Es kommt auch nicht darauf an, dass hier wegen anderer angemeldeter und abgelehnter (Teil-) Entschädigungsansprüche eine Klage vor dem Zivilgericht ohnehin nahe liegend und wahrscheinlich war. Die Durchführung des Vorverfahrens auch wegen der Aufwendungen für die Beschäftigung eines Ersatzfahrers wurde dadurch nicht überflüssig. Das Vorverfahren war nämlich potentiell geeignet, das Gerichtsverfahren durch vorprozessuale Erledigung von (Teil-) Ansprüchen zu entlasten, die von der Justizverwaltung unstreitig reguliert werden. Im Übrigen müsste der Staat für den Fall, dass in der vorgenannten Konstellation ein Vorverfahren vor der Justizverwaltungsbehörde für (Teil-) Ansprüche für entbehrlich angesehen würde, zur Meidung von Kostennachteilen den (Teil-) Anspruch ohne die Möglichkeit einer eingehenden Prüfung sofort gemäß § 93 ZPO innerhalb knapp bemessener zivilprozessualer Fristen anerkennen (vgl. Thomas/Putzo, 27. Auflage, RN 9 zu § 93 ZPO). Dass dies nicht mit den legitimen Interessen des Staates und des Steuerzahlers vereinbar wäre, liegt auf der Hand

2. Das Landgericht hat zutreffend entschieden, dass der Kläger von dem Beklagten keinen Ersatz des geltend gemachten entgangenen Gewinns verlangen kann. Im Rahmen der ihm obliegenden Schadensminderungspflicht gemäß § 254 Abs. 2 Satz 1 BGB wäre der Kläger verpflichtet gewesen, diesen (behaupteten) Schaden dadurch abzuwenden, dass er im notwendigen Umfang weitere Fahrer anstellt. Die Kosten wären, wie erwähnt, (grundsätzlich) im Rahmen der Entschädigung für Strafverfolgungsmaßnahmen ersatzfähig gewesen. Gegebenenfalls wäre der Kläger in Anbetracht des hohen drohenden Schadens verpflichtet gewesen, mehrschichtig rund um die Uhr Ersatzfahrer einzustellen. Der Senat ist davon überzeugt, dass auf dem Arbeits- bzw. Dienstleistungsmarkt entsprechende Kräfte zur Verfügung standen.

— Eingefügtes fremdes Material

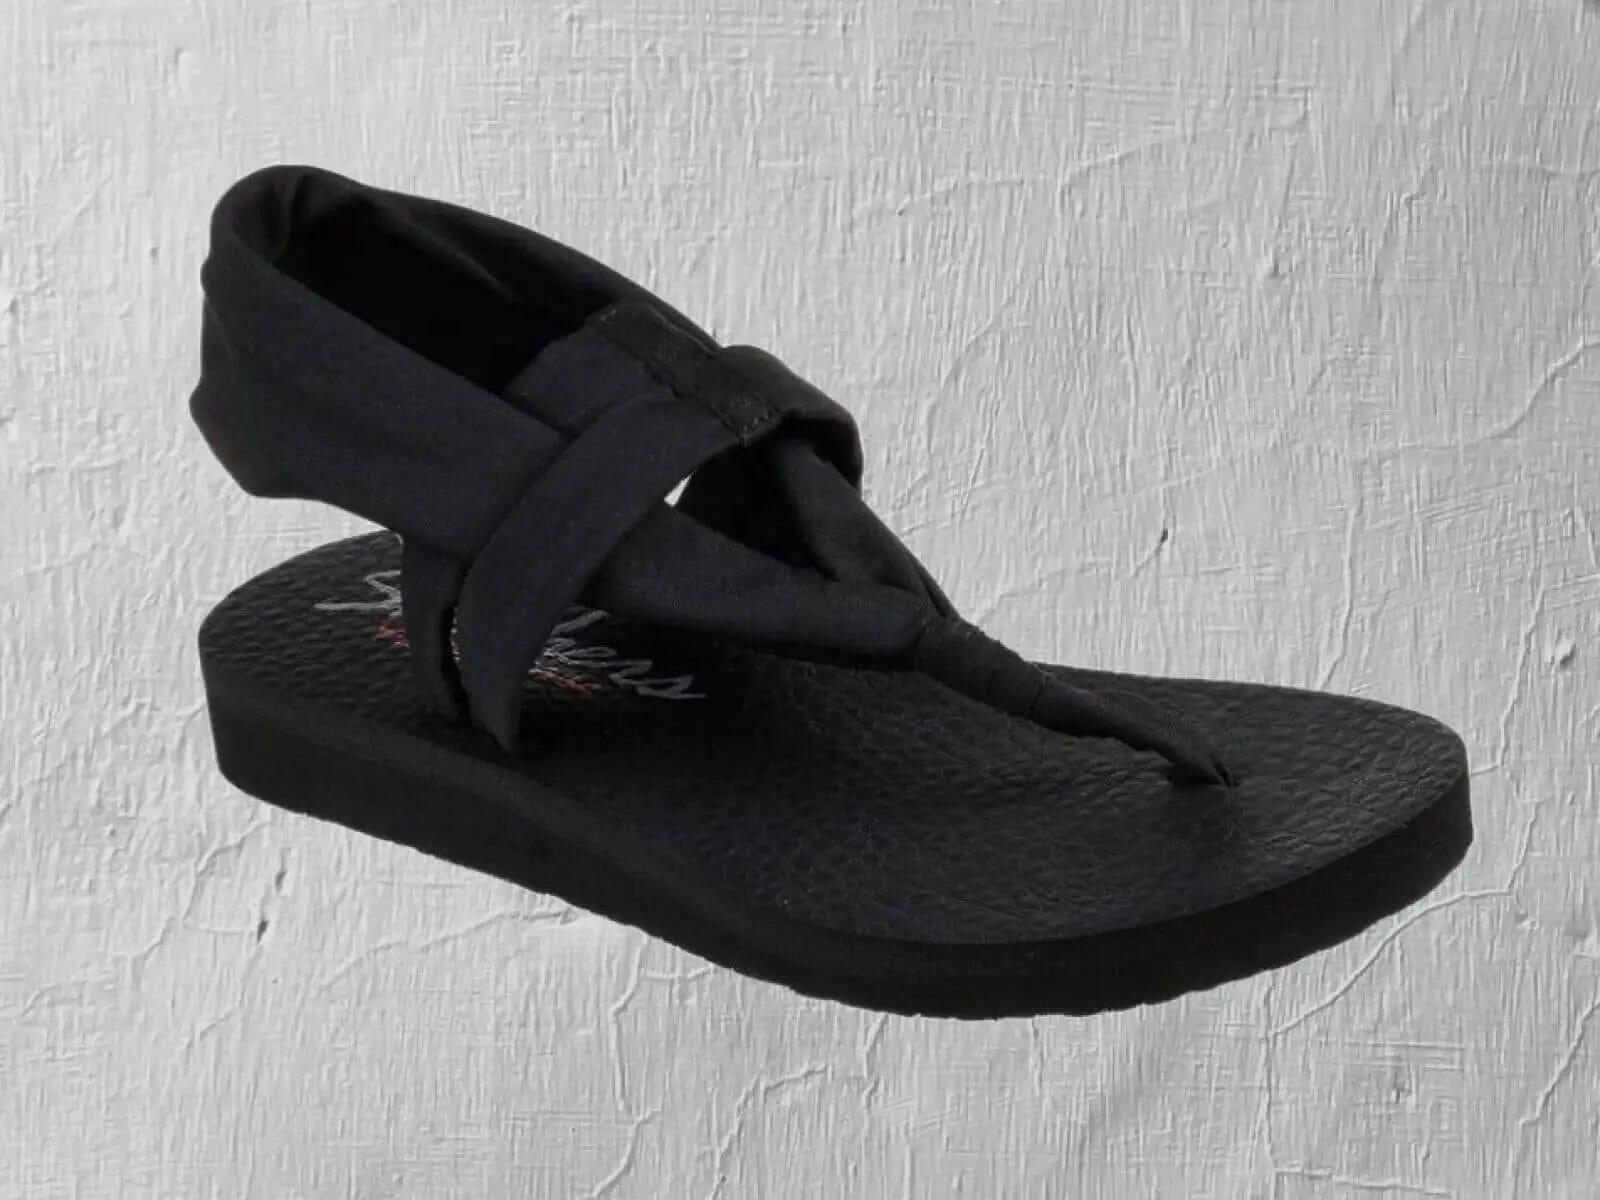 Skechers meditation studio kicks black sandal with foam cushioned sole.
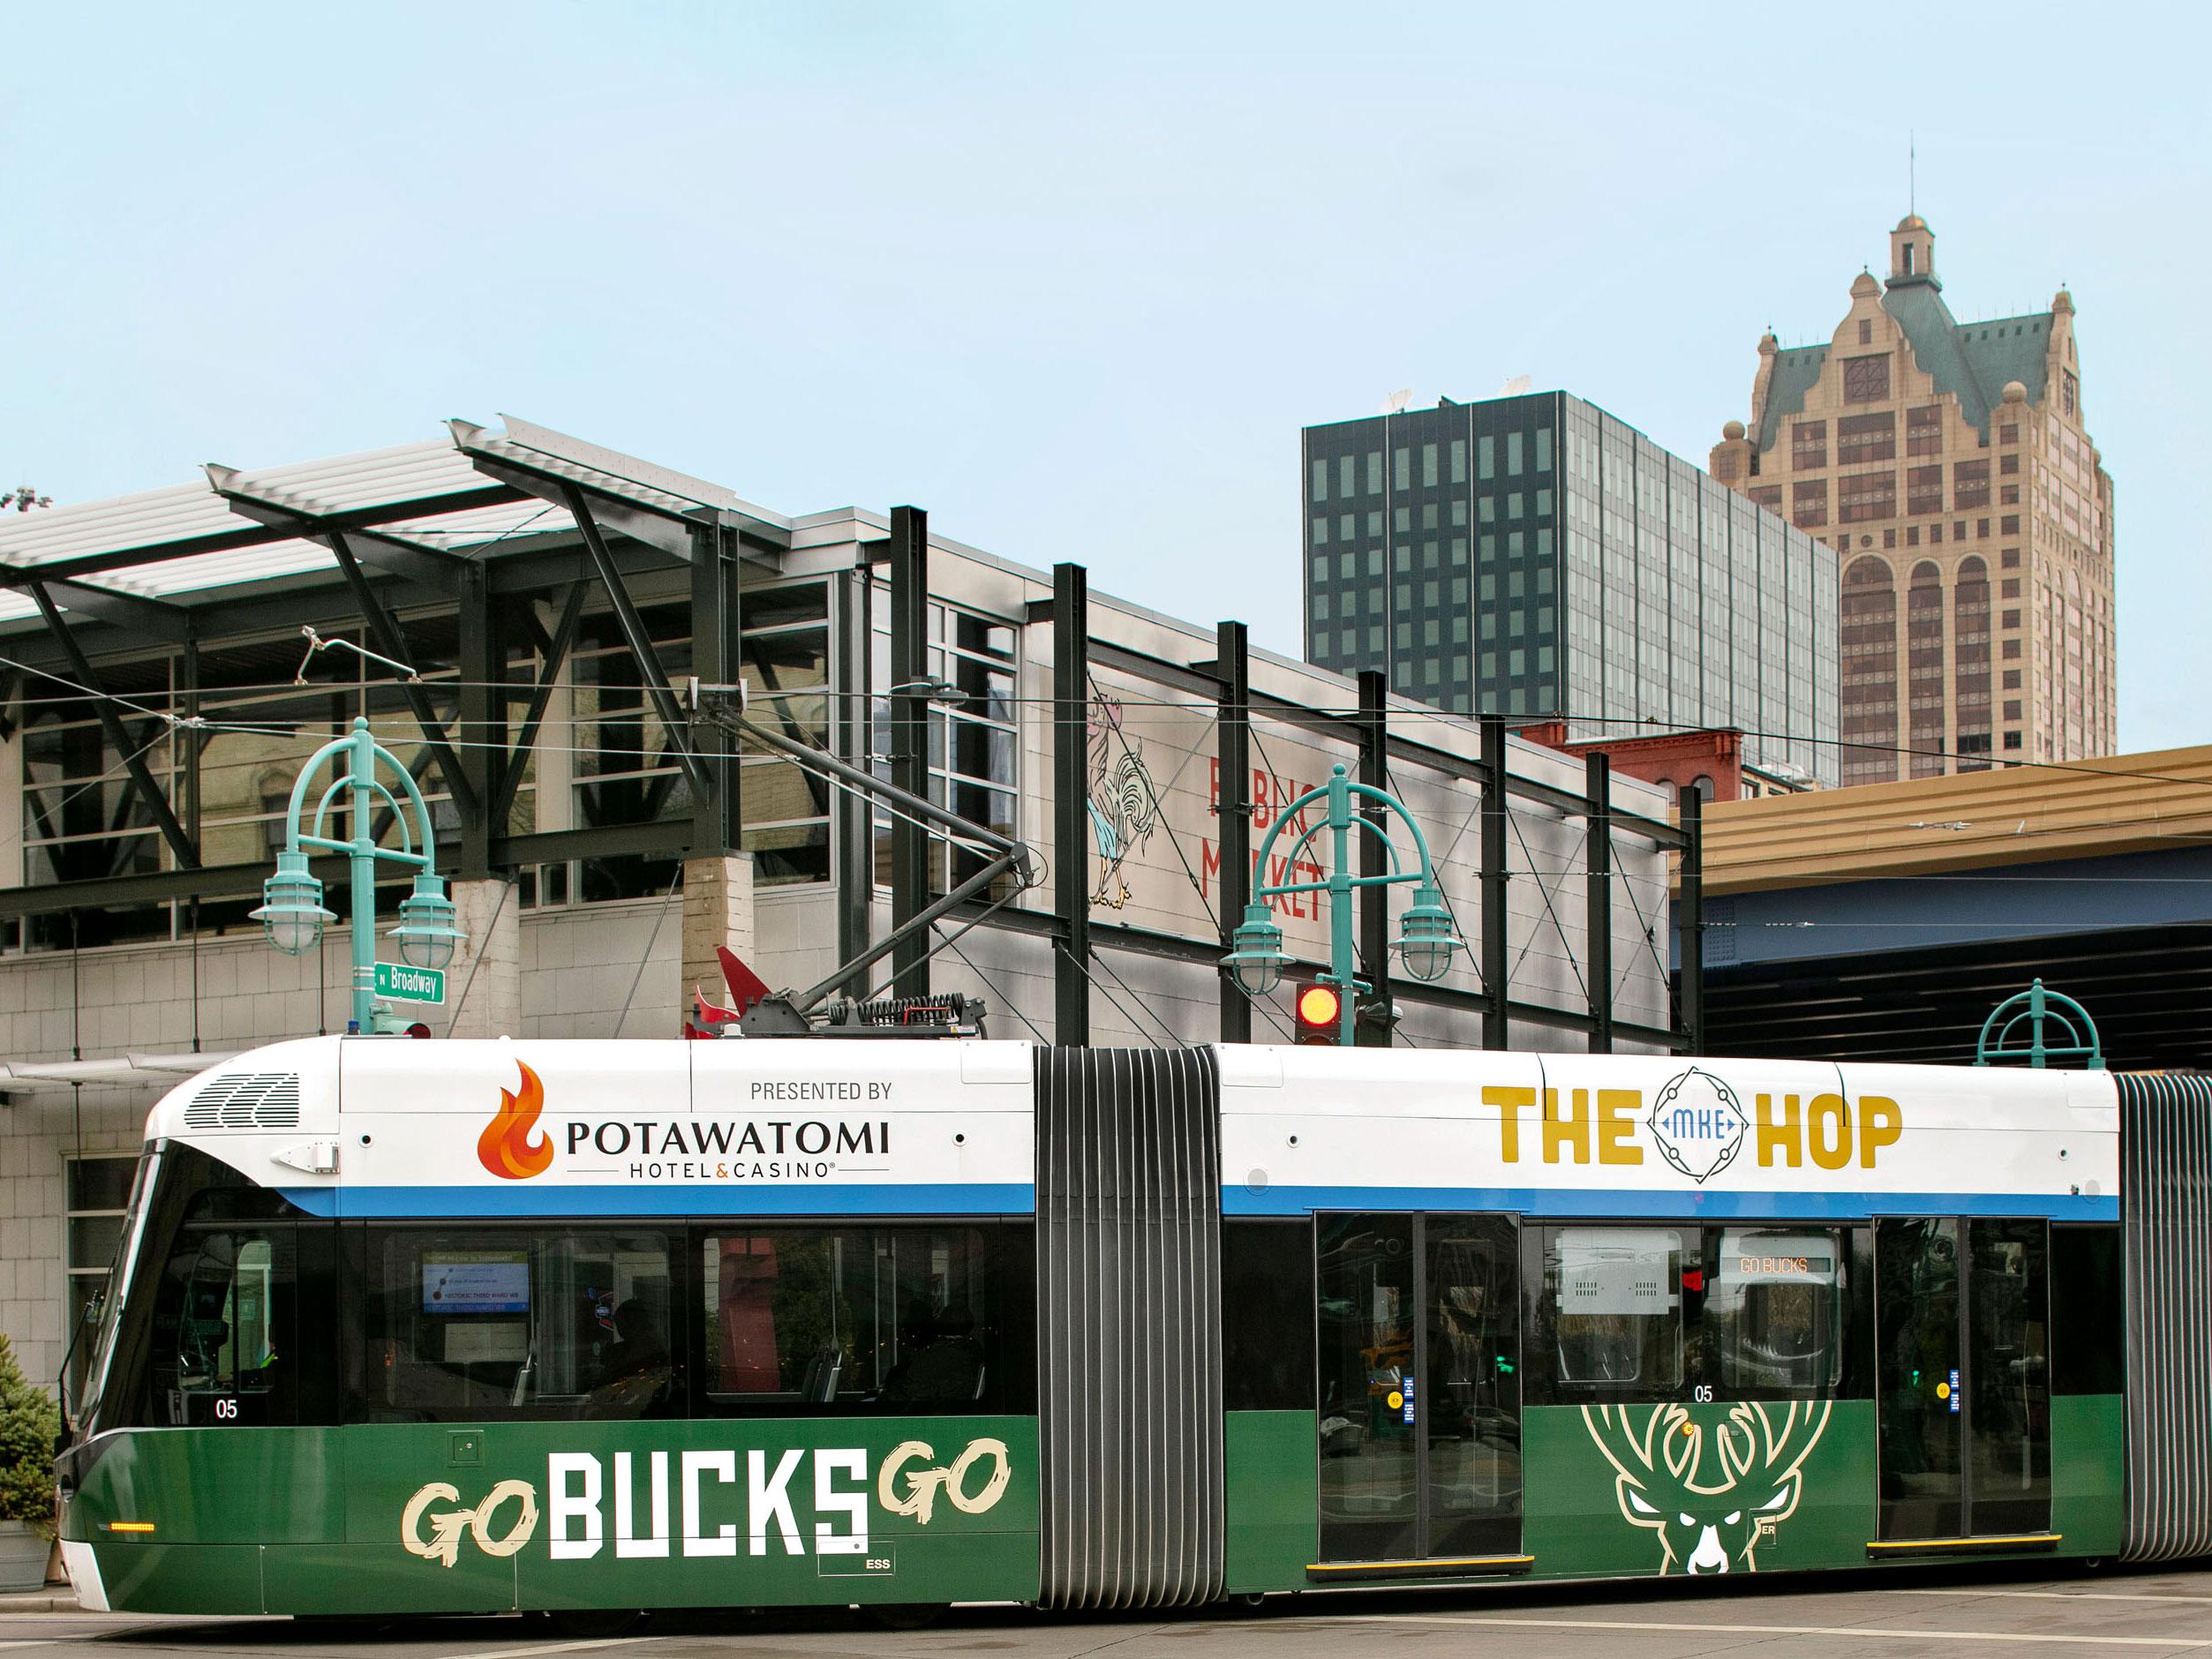 The Hop Streetcar

Soweit der Kläger behauptet, dass er, da er häufig während der Fahrt telefonisch Geschäftsgeheimnisse betreffende Sachverhalte besprechen müsse, nur ihm vertraute Personen als Ersatzfahrer einstellen konnte, die nicht im erforderlichen Umfang zur Verfügung gestanden hätten, überzeugt dies den Senat nicht. Die gesamte Führungselite der Bundesrepublik Deutschland bespricht im Kraftfahrzeug Dienst- und Geschäftsgeheimnisse und vermutlich auch Staatsgeheimnisse. Es ist nicht ersichtlich, warum dies gerade dem Kläger nicht möglich sein soll. Gegebenenfalls hätte der Kläger in besonders brisanten Fällen auch das Fahrzeug anhalten lassen und den Fahrer aussteigen lassen können. Auch der kurzfristig zu bewerkstelligende Einbau einer Trennscheibe wäre in Betracht gekommen.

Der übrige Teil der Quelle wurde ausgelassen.